# Wie komplett iTunes auf anderen PC übertragen?



## Raz3r (8. Juni 2010)

*Wie komplett iTunes auf anderen PC übertragen?*

Hi,

ich hab ja seid ein paar Tagen einen neuen PC und ich hab mein iPhone so lange bei meiner Mutter benutzt. 

Wenn ich jetzt auf meinem neuen PC iTunes installe sollen ja beim Synkronisieren alle Daten gelöscht werden (war bei nem Kumpel auch so).

Da ich das nicht möchte, wie kann ich das Backup was immer angelegt wird beim Synkronisieren auf menen neuen PC übertragen? So das alles so bleibt wie es ist?

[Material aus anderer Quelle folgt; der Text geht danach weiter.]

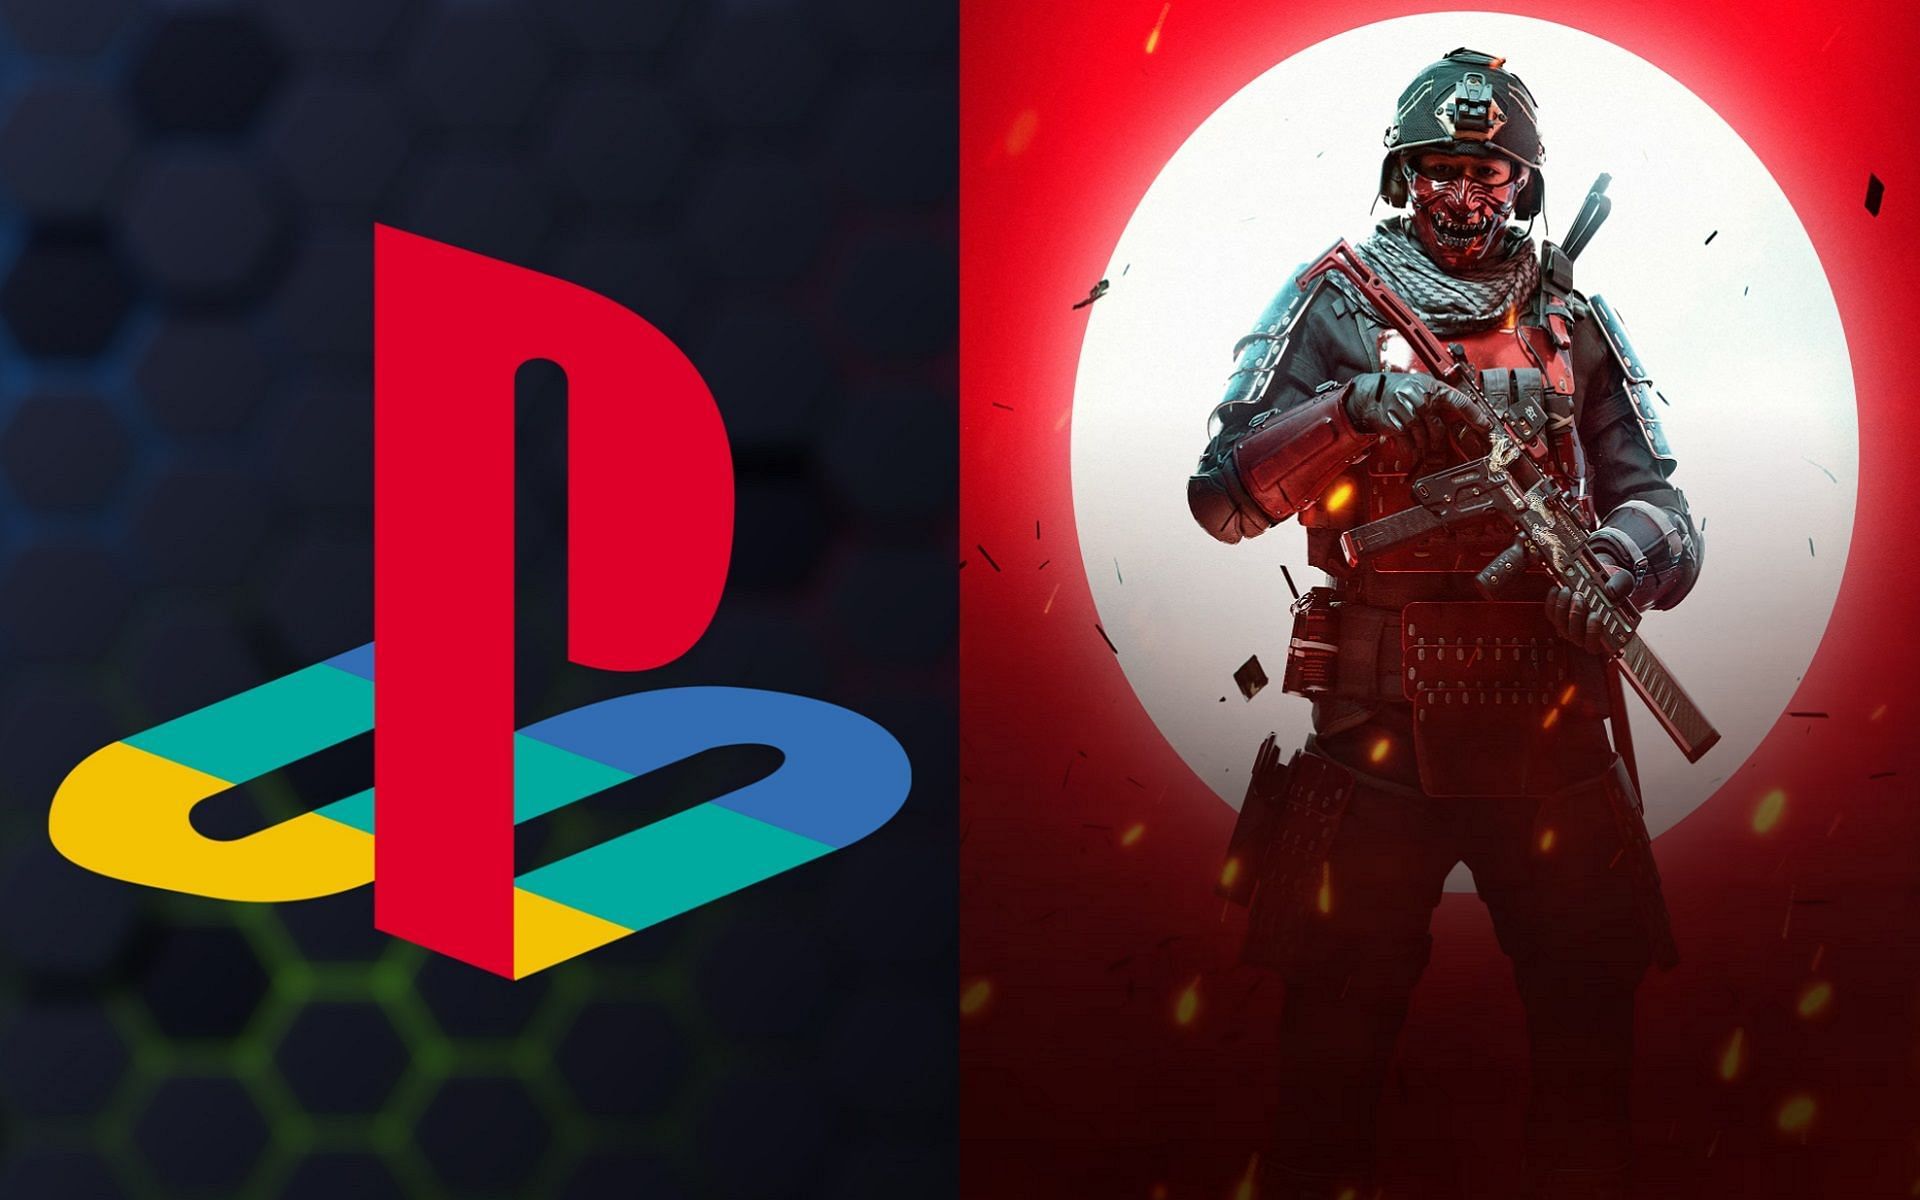 Process of getting Crimson Way PlayStation Combat pack for free revealed (Image via Sportskeeda)

Vielen Dank schonmal im Vorraus.

mfg Raz3r


----------



## lazy (8. Juni 2010)

*AW: Wie komplett iTunes auf anderen PC übertragen?*

Meinst du die Daten von iTunes auf deinem PC oder auf dem iPhone? Das kommt imo auf den Account an - es gibt auch Backup Programme für das iPhone (copy trans baut die auch glaube ich)...


----------



## midnight (8. Juni 2010)

*AW: Wie komplett iTunes auf anderen PC übertragen?*

Sicher den iTunes-Musikordner und die beiden Apple-Ordner im Appdata-Ordner, kopier die dann auf den neuen Rechner und alles ist wie vorher.

so far


----------



## lazy (8. Juni 2010)

*AW: Wie komplett iTunes auf anderen PC übertragen?*

Sollte der bei Windows nicht unter "Anwendungsdaten" liegen wenn ich mich so erinnere - bei Linux braucht man kein iTunes


----------



## Raz3r (9. Juni 2010)

*AW: Wie komplett iTunes auf anderen PC übertragen?*

Also ich nutze Win7 und wollte halt meine Apps, Musik, Videos, Fotos und alles auf meinen PC übertragen.

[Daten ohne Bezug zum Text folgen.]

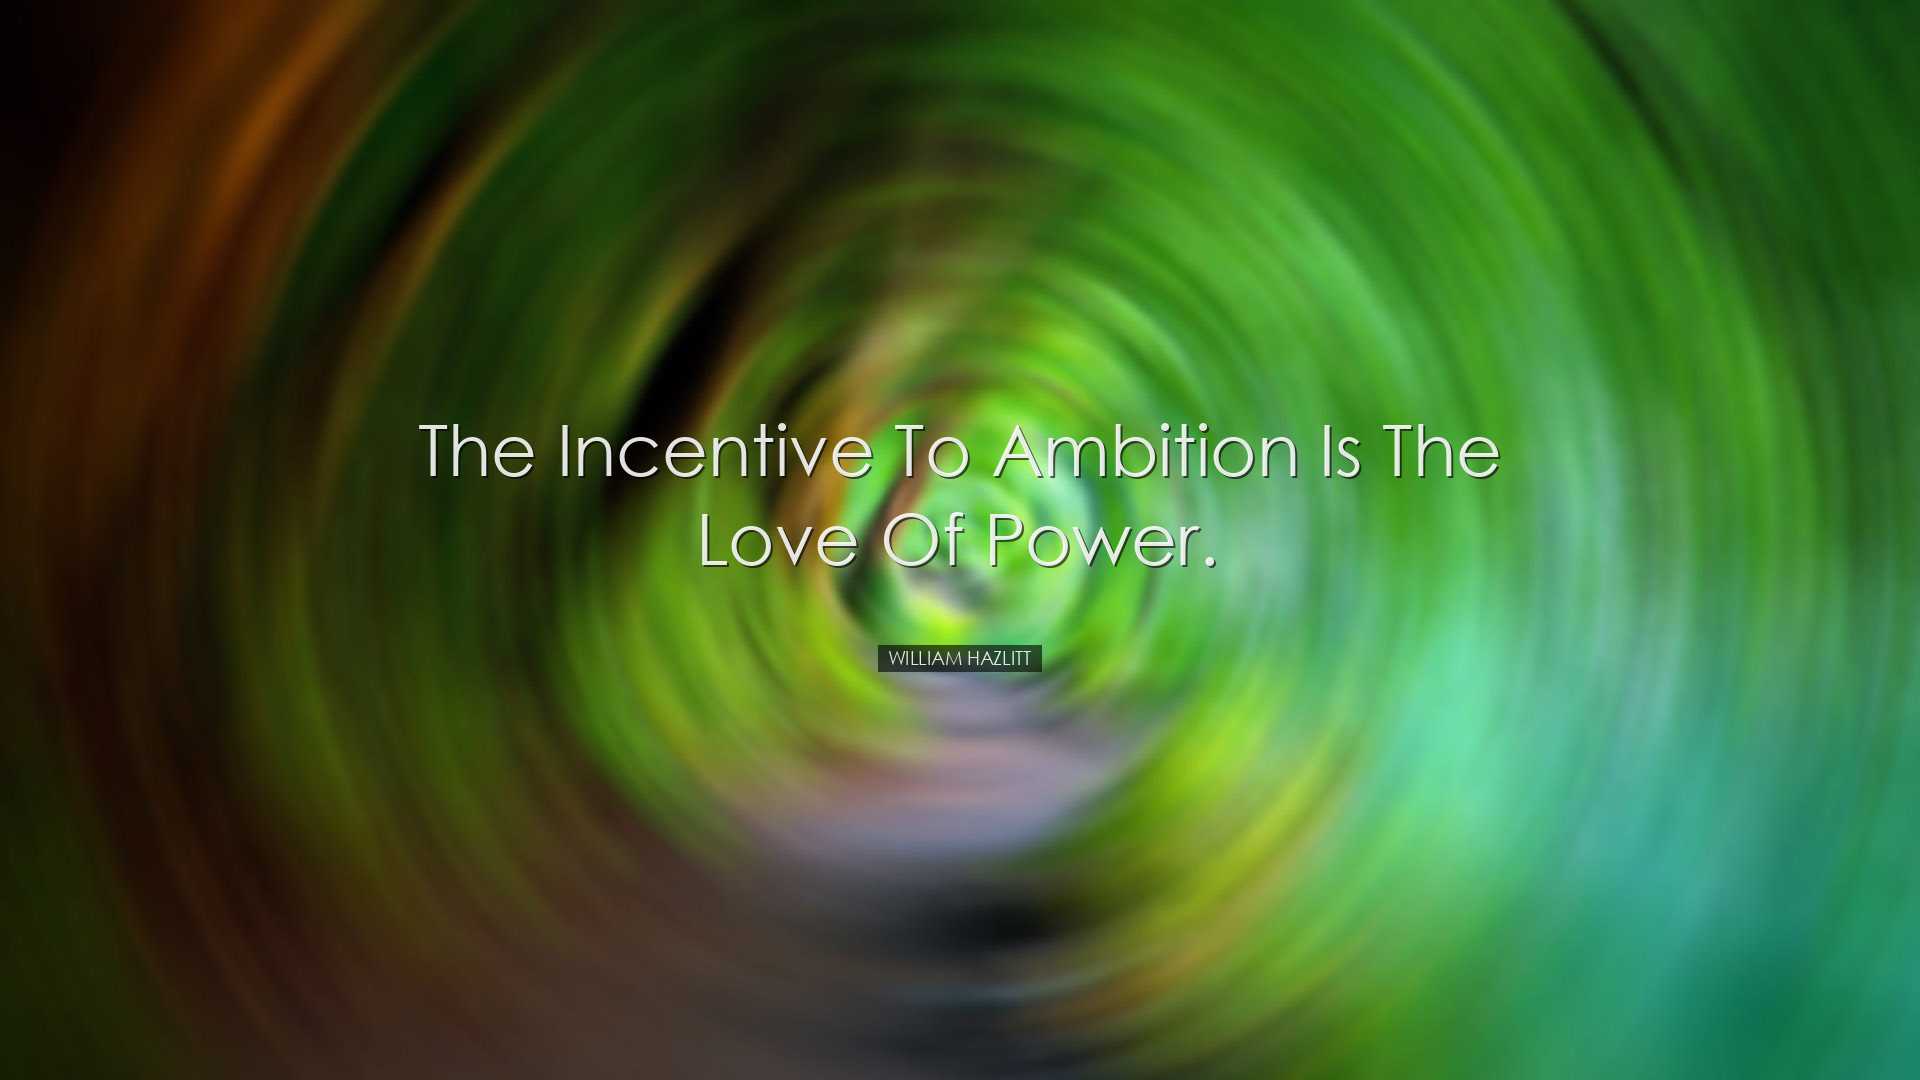 The incentive to ambition is the love of power. - William Hazlitt

Wo legt das iPhone eig. beim syncronisieren die Backup-Datei ab?


----------



## midnight (9. Juni 2010)

*AW: Wie komplett iTunes auf anderen PC übertragen?*

Wie gesagt, Apps und Musikdatenbank liegen in jedem Fall im iTunes-Ordner im Musik-Orner. Deine Musik kann sonstwo liegen, das solltest du wohl besser wissen als wir (=
NImm dazu noch "C:\Users\Benutzername\AppData\Local\Apple Computer" und "C:\Users\Benutzername\AppData\Roaming\Apple Computer" mit und füg sie auf dem System genau da wieder ein. Danach kannst du dein iPhone wie immer synchen. Wichtig: Wenn du Kalendereinträge und Kontakte auf dem iPhone hast kanns sein, dass du diese los bist, wenn du synchst. Kontakte und Kalender müssen schon vorher im Outlook vorliegen, sonst sind diese futsch.

so far


----------



## Raz3r (9. Juni 2010)

*AW: Wie komplett iTunes auf anderen PC übertragen?*

Ich nutze garkein Outlock. Ansonsten schreib ich die mal vorsichtshalber auf, danke für den Tipp.

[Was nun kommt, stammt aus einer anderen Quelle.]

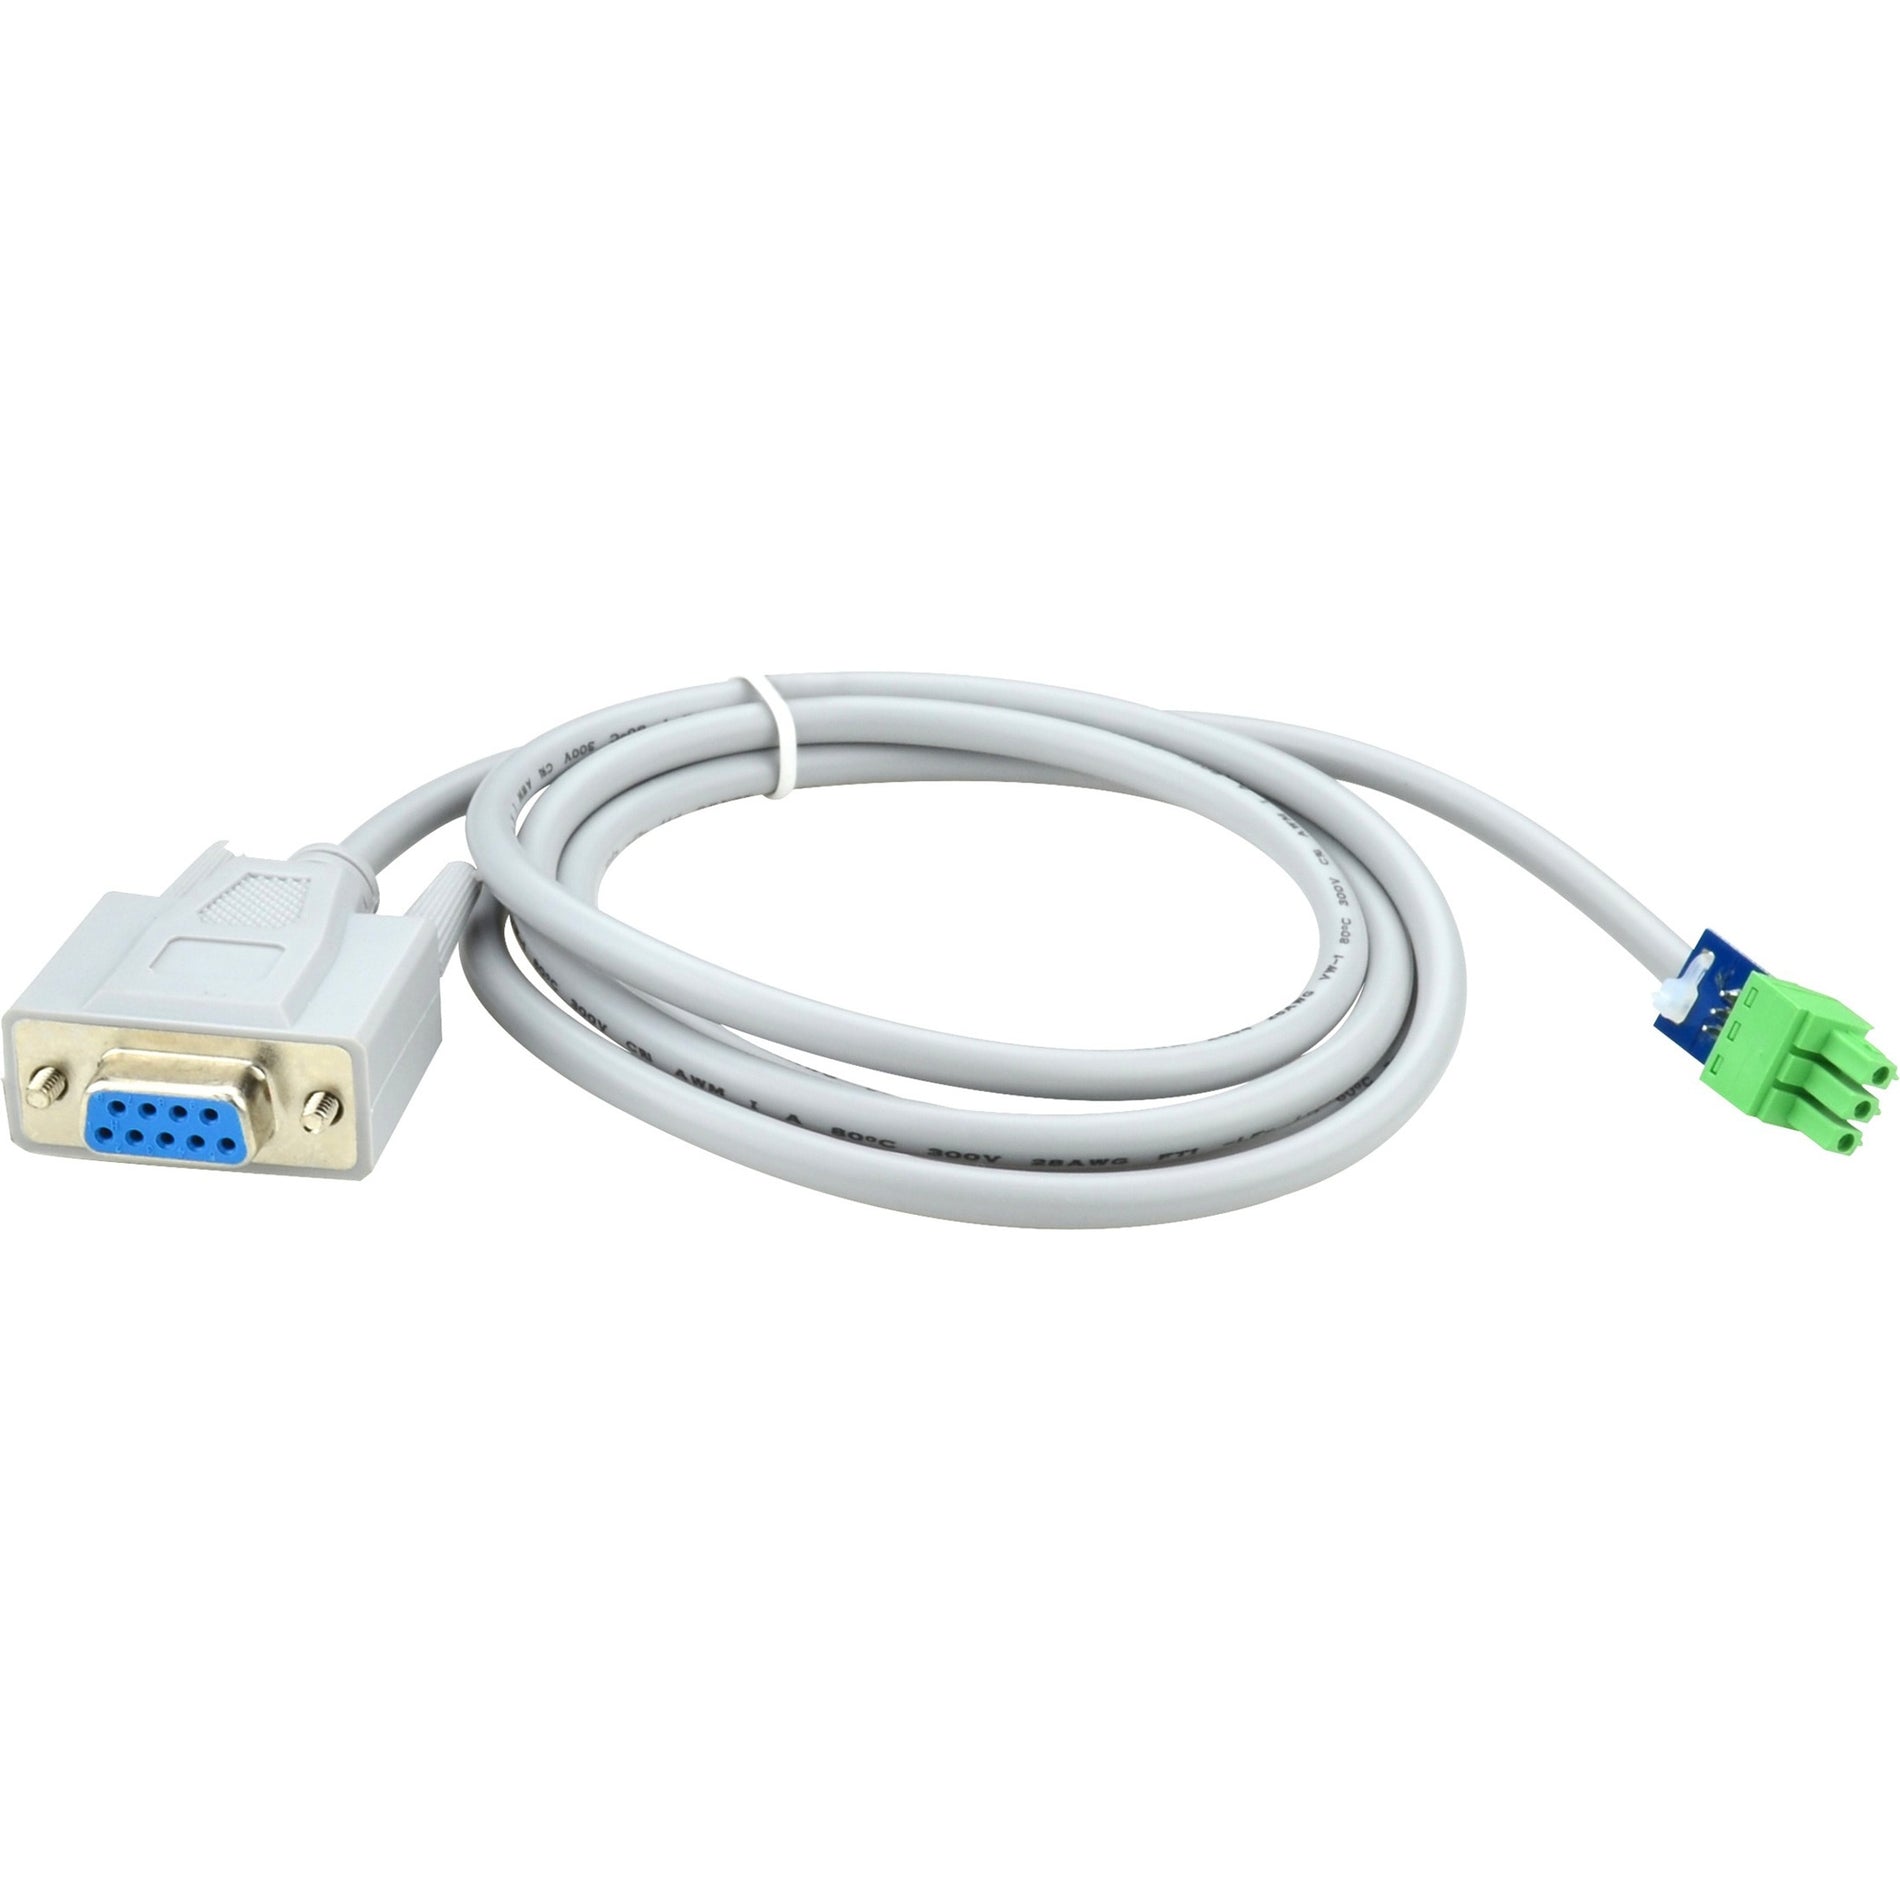 Black Box AVS-CBL-RS232 RS-232 DB9 to Phoenix Adapter Cable - 1.35 m, Data Transfer Cable

Ansonsten wenn ich nicht weiter komme rufe ich bei Apple einfach mal an.


----------



## midnight (9. Juni 2010)

*AW: Wie komplett iTunes auf anderen PC übertragen?*

Interessant Idee bei Apple anzurufen. Glaube kaum, dass sie mit die Windows-Probleme lösen, aber einen Versuch ist es auf jeden Fall wert 

so far


----------



## Player007 (9. Juni 2010)

*AW: Wie komplett iTunes auf anderen PC übertragen?*

Du kannst auch die Freigabe Option benutzen 
Damit hab ich es selber schonmal gemacht ^^


----------



## Autokiller677 (18. Juni 2010)

*AW: Wie komplett iTunes auf anderen PC übertragen?*



midnight schrieb:


> Kontakte und Kalender müssen schon vorher im Outlook vorliegen, sonst sind diese futsch.


Das stimmt nicht. Mein  iPod Touch dient mir immer als Sicherung meines Kalenders und meiner Kontakte wenn ich meinen PC neu aufsetze. Einfach vor dem Synchronisieren unter dem Info Tab ganz unten unter "Informationen auf diesem iPhone ersetzen" drauf achten, dass die Hacken bei Kontakte, Kalender etc. NICHT gesetzt sind, und schon werden die Kontakte und Kalendereinträge vom iPod wieder auf den PC kopiert.


----------